Assim que saiu do consultório, Gisela via apenas o escuro que ela tanto idolatrava. Sentia-se a caminhar para um precipício . Os filhos de Lúcifer cantavam-lhe a música de boas vindas bem antes de ter passado à inexistência. Várias formas de suicídio passavam pela sua frente como um flash, como um actor que assiste a sua própria obra, assim era ela, vendo o seu próprio fim antes de ter chegado (o que aumentava ainda mais o terror). Passavam-lhe todas as injustiças e ofensas dirigidas a gente que só agora notava que lhe queria bem. Desejava tanto estar com eles, como quem vê o decorrer de uma festa animada na casa do vizinho, mas que não pode ir porque pura e simplesmente não foi convidado, e se forçasse a entrada, sentiria o próprio inferno dentro de si. O corpo esquelético de Gisela já não aguentava suportar tudo isto, pois a sua mente já se encontrava morta há muito tempo. Assim que avistou o primeiro muro em que podia sentar-se e deixar o dilúvio de lágrimas sair, correu para lá e abriu as comportas do seu coração. Ela chorava, enquanto isso o mundo andava. As pessoas olhavam-a e passavam, cada um seguia o seu caminho. Se prendiam os olhares, neles só encontrava indiferença. Então baixou a cabeça e afogou a cara nas mãos. Ficou assim durante vários minutos, sentindo as lágrimas quentes molhando-lhe o rosto e o peito. Evitava a luz, mas o escuro assustava-a... tirou as mãos da cara, havia decidido olhar para o céu e pedir perdão àquele que sempre havia ignorado ...DEUS!
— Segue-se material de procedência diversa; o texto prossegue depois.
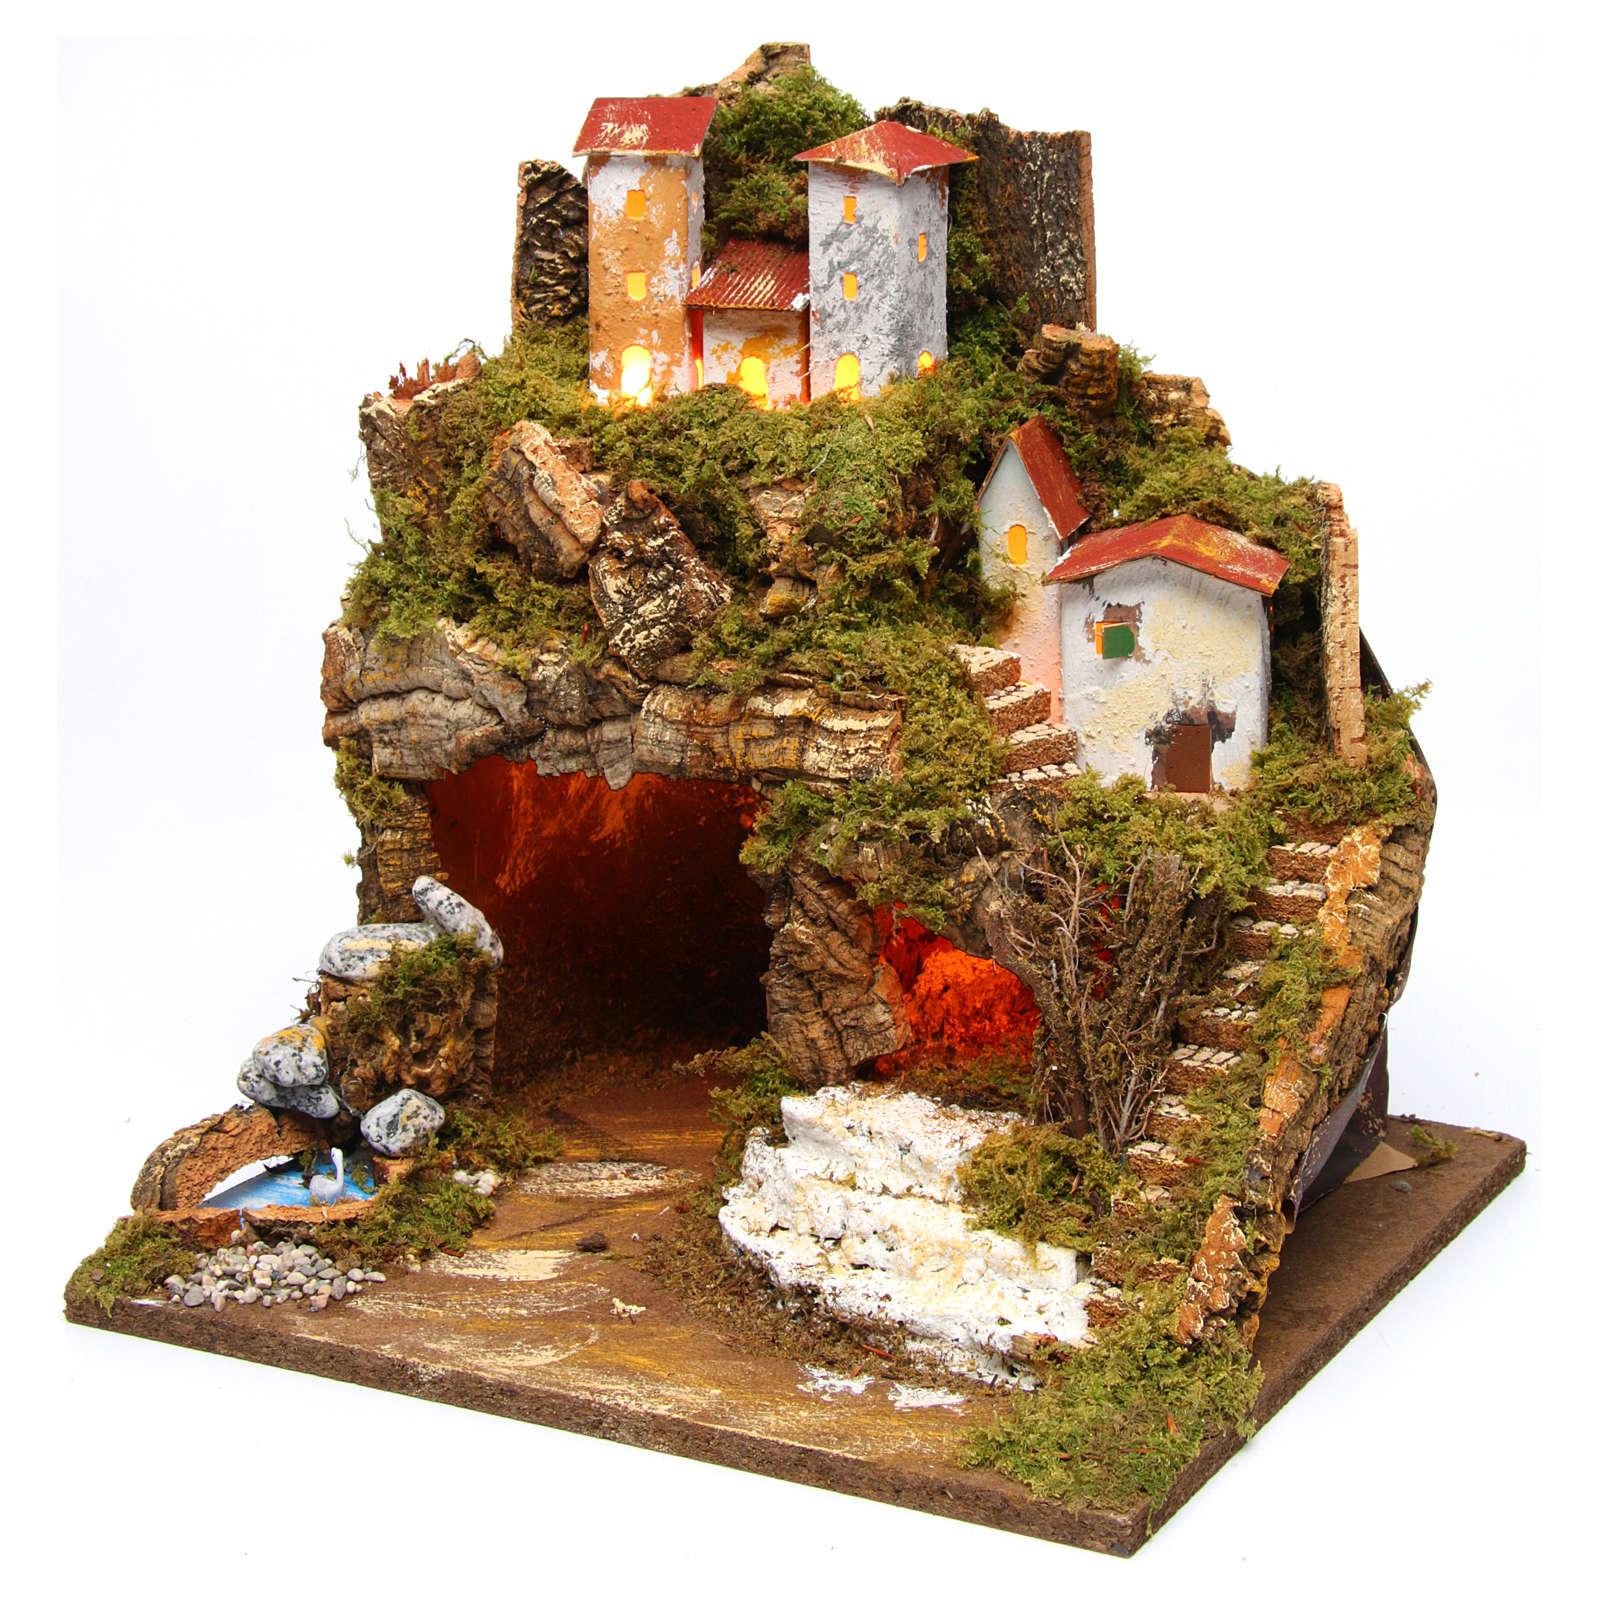 Cabaña aldea belén 8-10 cm de altura media luces 35x33x30 cm 4

Tirou as mãos do rosto e quando abriu os olhos e preparava-se para inclinar a cabeça para o altar do Senhor, o seu olhar, em vez do céu, prendeu-se no de um menino robusto e forte. Olhava para ela com um brilho penetrante que iluminava as trevas do seu ser. Era a primeira vez que encarava uma criança assim, aiiiiiiiii... Gisela detestava crianças!!! Quando estas vinham-lhe ao encontro tudo que fazia era ralhar-lhes logo à primeira para impor distância. Mas desta vez foi diferente, o menino olhava-lhe com doçura e tristeza ao mesmo tempo, parecia estar tão triste quanto ela... ohhhh ele andava vagarosamente em sua direcção, como quem pisa em chão sagrado, rumo ao tão esperado momento de amparo...

Finalmente o menino chegou à sua frente, esticou a mão e saltou para sentar-se no muro. Já sentado encarou-a novamente, os seus olhares estavam fixos um no outro. Até que o pequeno lhe dirigiu a palavra.

-Mana, porque choras?

Silêncio...

-Mana, diz-me porque choras!

Novamente Gisela não teve forças para responder.
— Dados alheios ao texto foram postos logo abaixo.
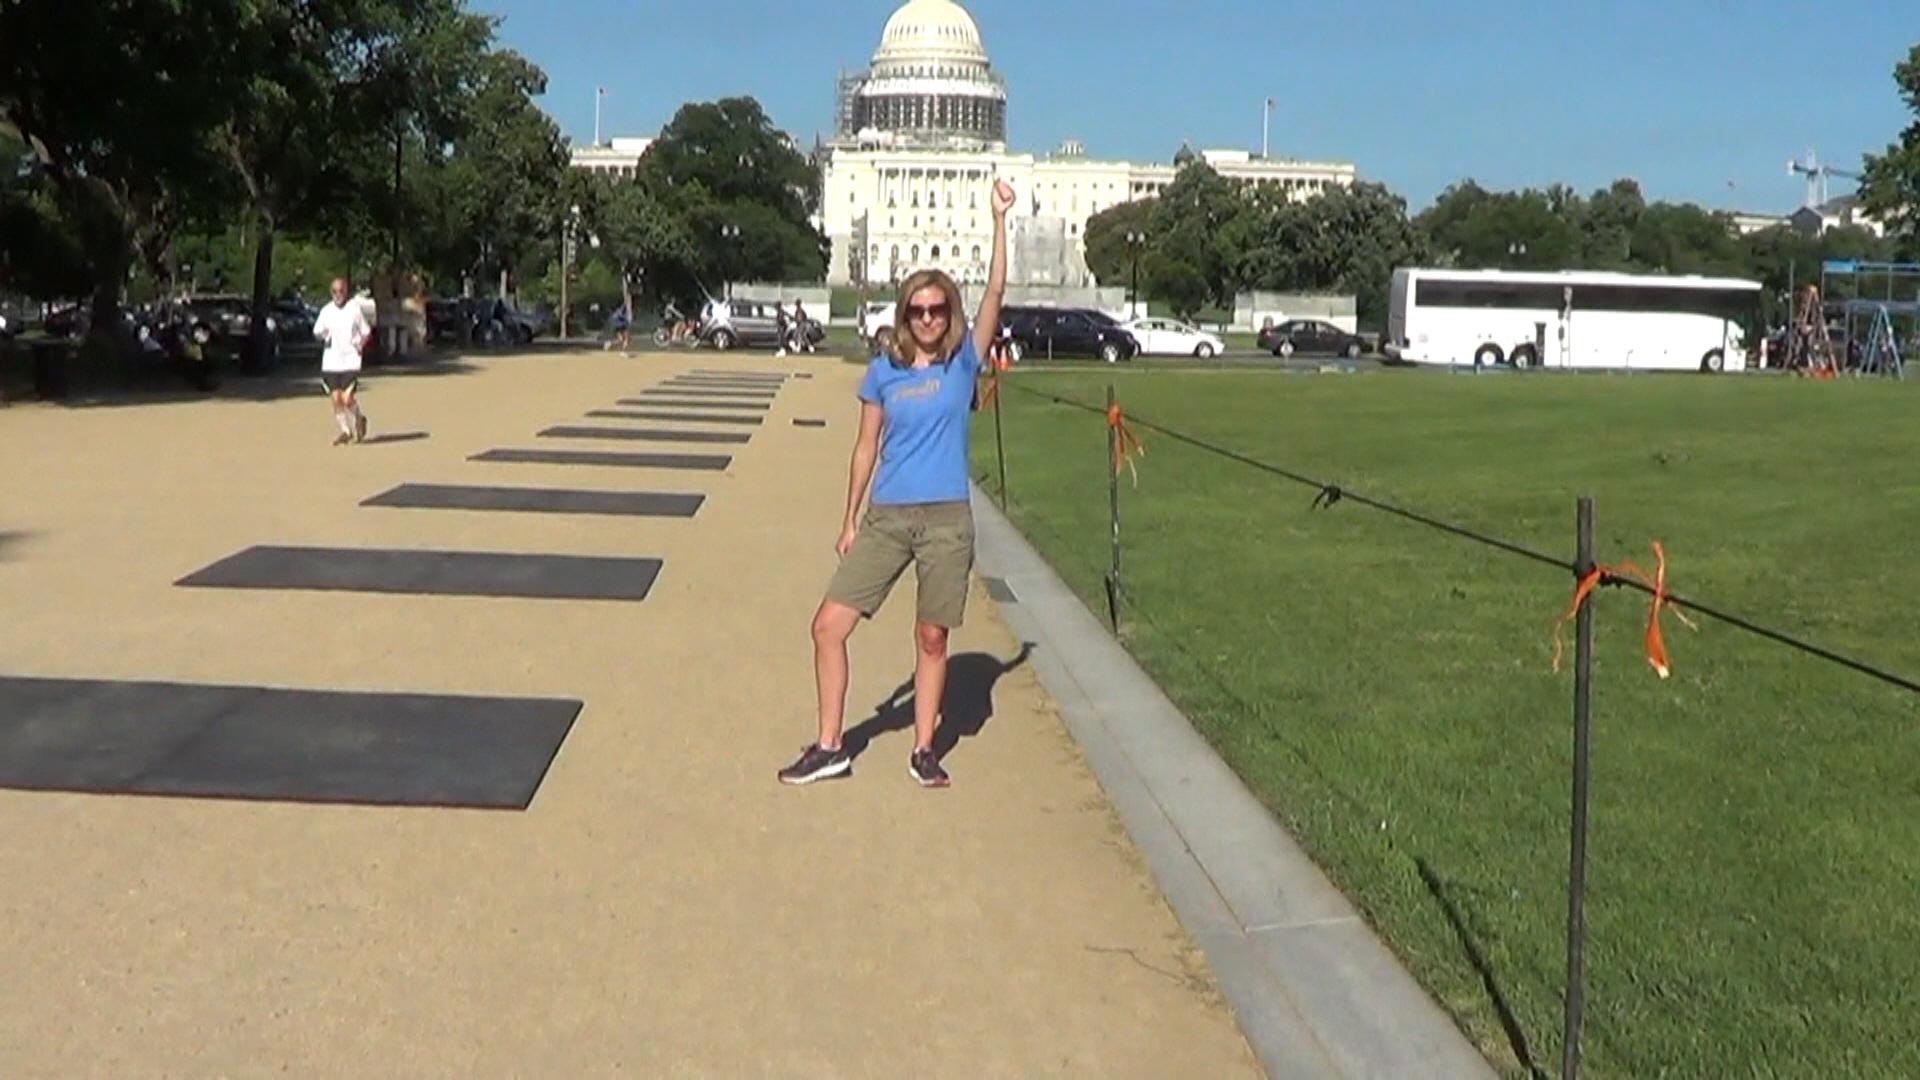 23 - US Capitol

-Eu sei porque choras, choras porque estás triste. O chorar faz bem, limpa a alma. É o que o meu avô diz, não quero saber o que te fez chorar, só quero te dizer que “são as nuvens mais escuras, que descarregam chuva sobre a terra e a fecundam” É, o meu avô também diz que as nossas lágrimas servem para expulsar dores acumuladas, assim que elas caem, um novo dia radiante se aproxima. O meu avô é um homem muito inteligente.
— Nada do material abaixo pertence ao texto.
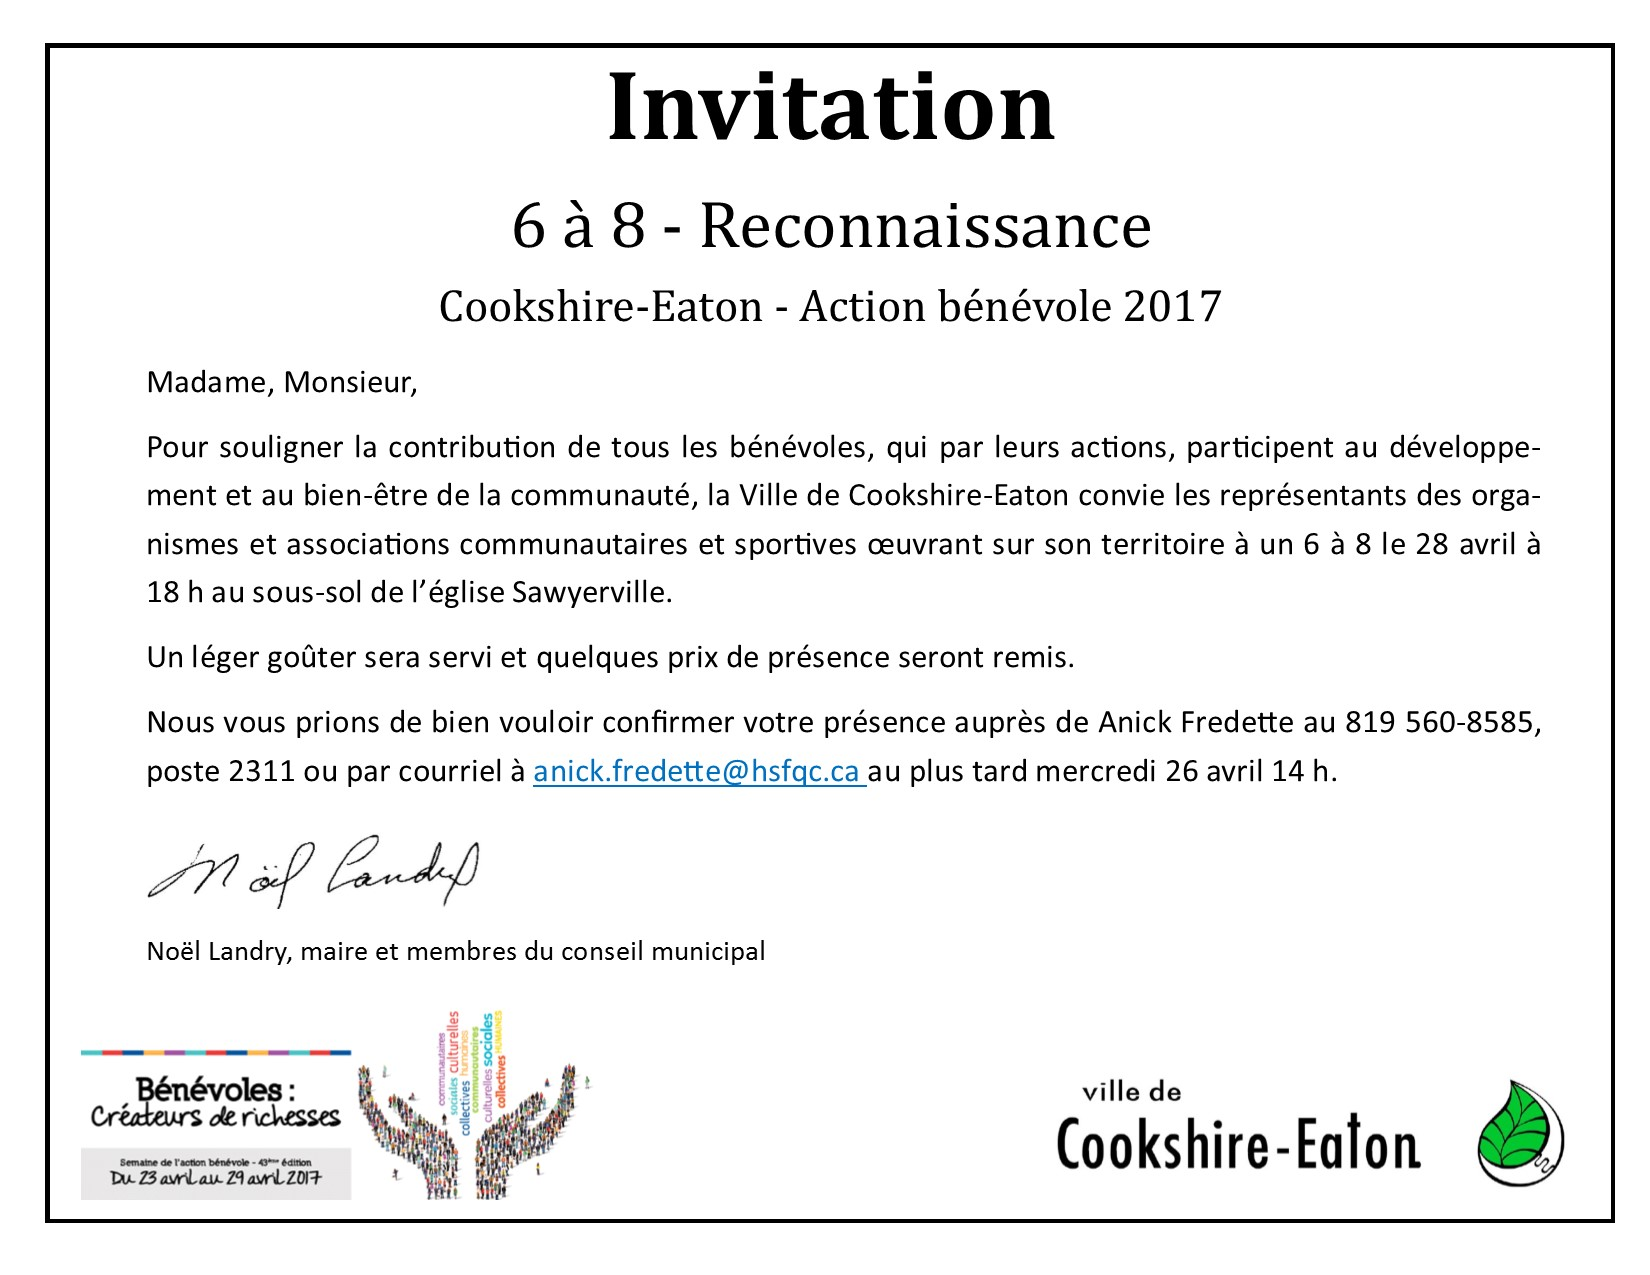 invitation soiree reconnaissance action

Gisela estava imóvel, sem palavras algumas e muito menos actos. Simplesmente continuou olhando para o anjo, este passou suas mãozinhas pelo rosto dela e deu-lhe um abraço. Naquele mesmo instante todas as sombras do seu ser desapareceram, foram invadidas por algo radiante. Em vez de gritos satânicos, ouviram-se trombetas dos anjos, eles cantavam e dançavam, pela filha que voltava para casa.

O menino desprendeu-se dela delicadamente e disse:

-Chamo-me Pedro!

Sorriu, e correu, perdeu-se entre a multidão...

Gisela olhou para o céu com um sorriso nos lábios, depois de tanto tempo ele saiu puro. Sentiu forças acima do normal, uma autêntica vontade de viver e conviver!